This time we want to collect inhibition data of the main protease (also known as 3C-like protease), so we know that it is CHEMBL 3927, which is the top of the pref_name.
Once you know the CHEMBL ID of the target molecule, go to Schema Questions and SQL Examples. The query "Retrieve compound activity details for all targets containing a protein of interest" at the bottom will give you a list of molecules that have activity against the target molecule, so you can change the CHEMBL ID part of this SQL.

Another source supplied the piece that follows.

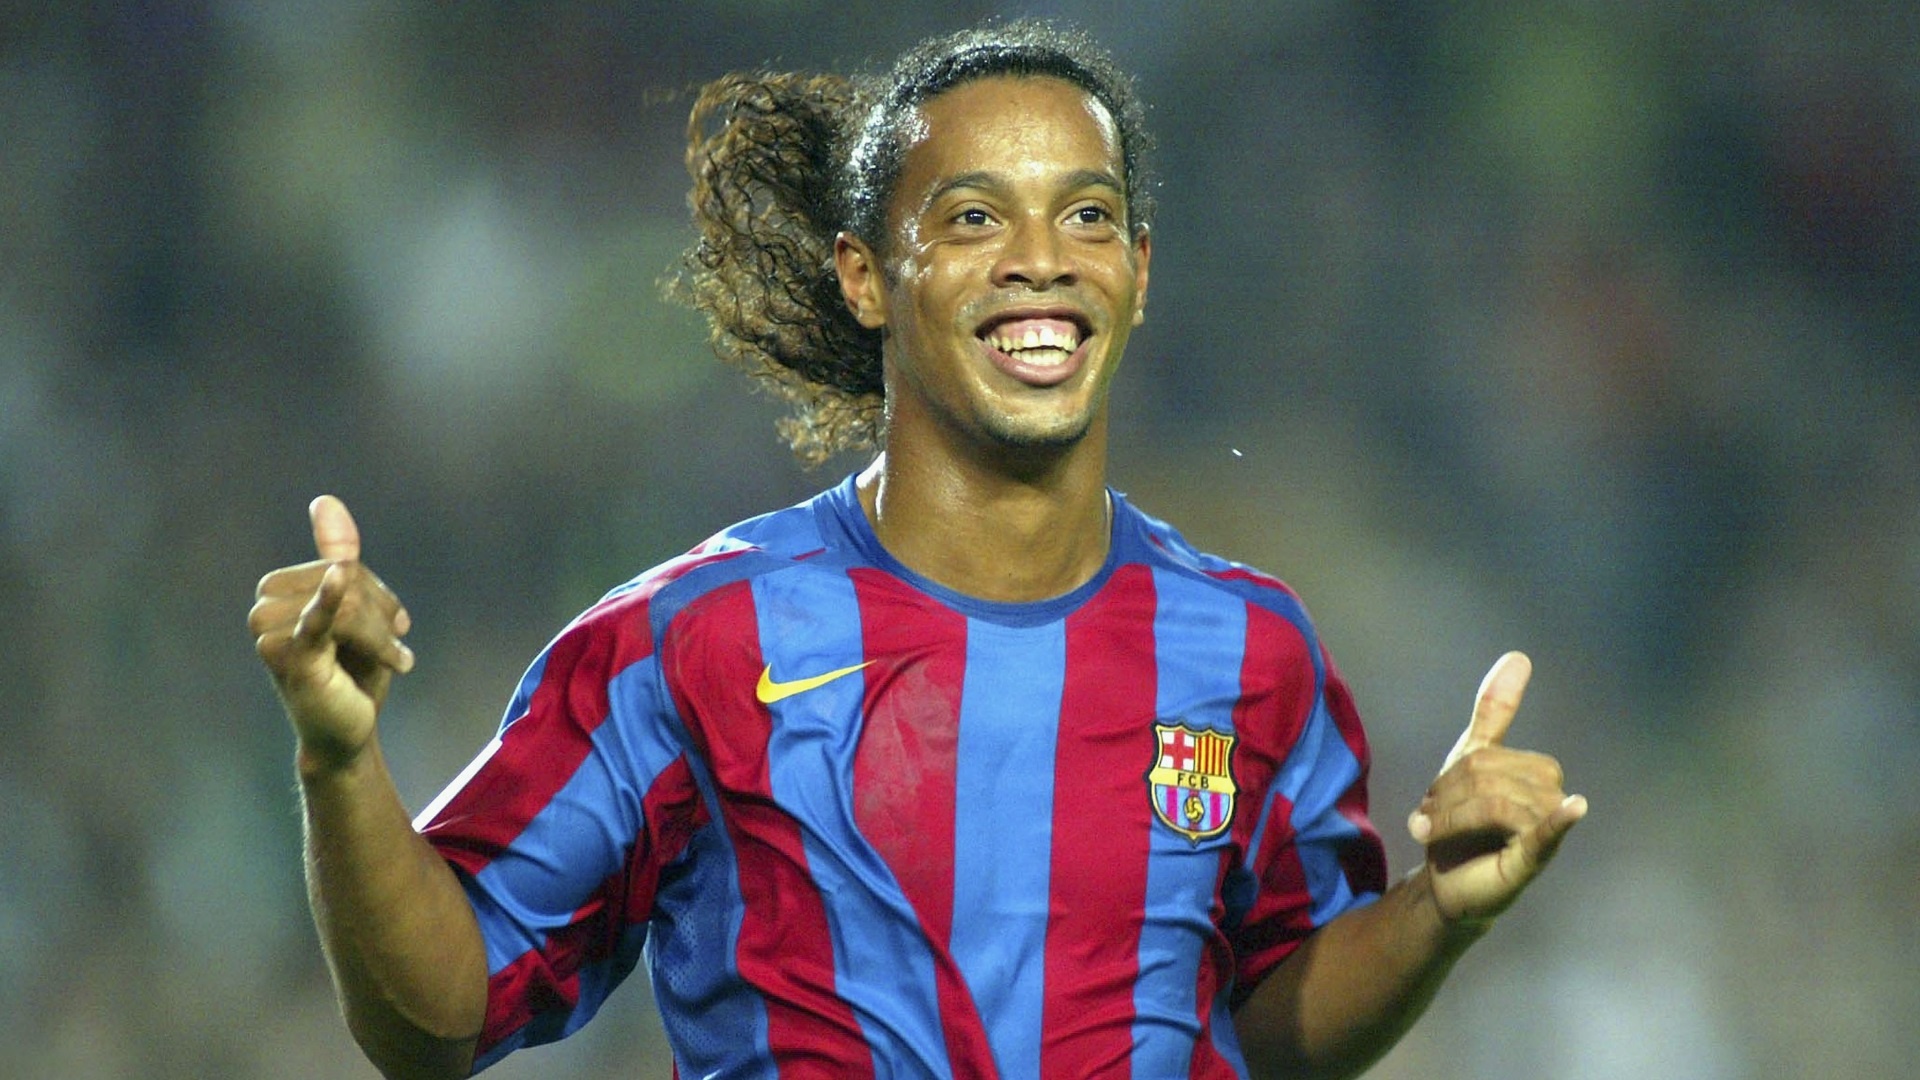 Ronaldinho Gaúcho - A Lenda

SELECT m.chembl_id AS compound_chembl_id,
s.canonical_smiles,
r.compound_key,
d.pubmed_id,
d.doi,
a.description,
act.standard_type,
act.standard_relation,
act.standard_value,
act.standard_units,
act.activity_comment
FROM compound_structures s,
molecule_dictionary m,
compound_records r,
docs d,
activities act,
assays a,
target_dictionary t
WHERE s.molregno = m.molregno
AND m.molregno = r.molregno
AND r.record_id = act.record_id
AND r.doc_id = d.doc_id
AND act.assay_id = a.assay_id
AND a.tid = t.tid
AND t.chembl_id = 'CHEMBL3927'
AND (act.standard_type ='IC50' or act.standard_type ='Ki')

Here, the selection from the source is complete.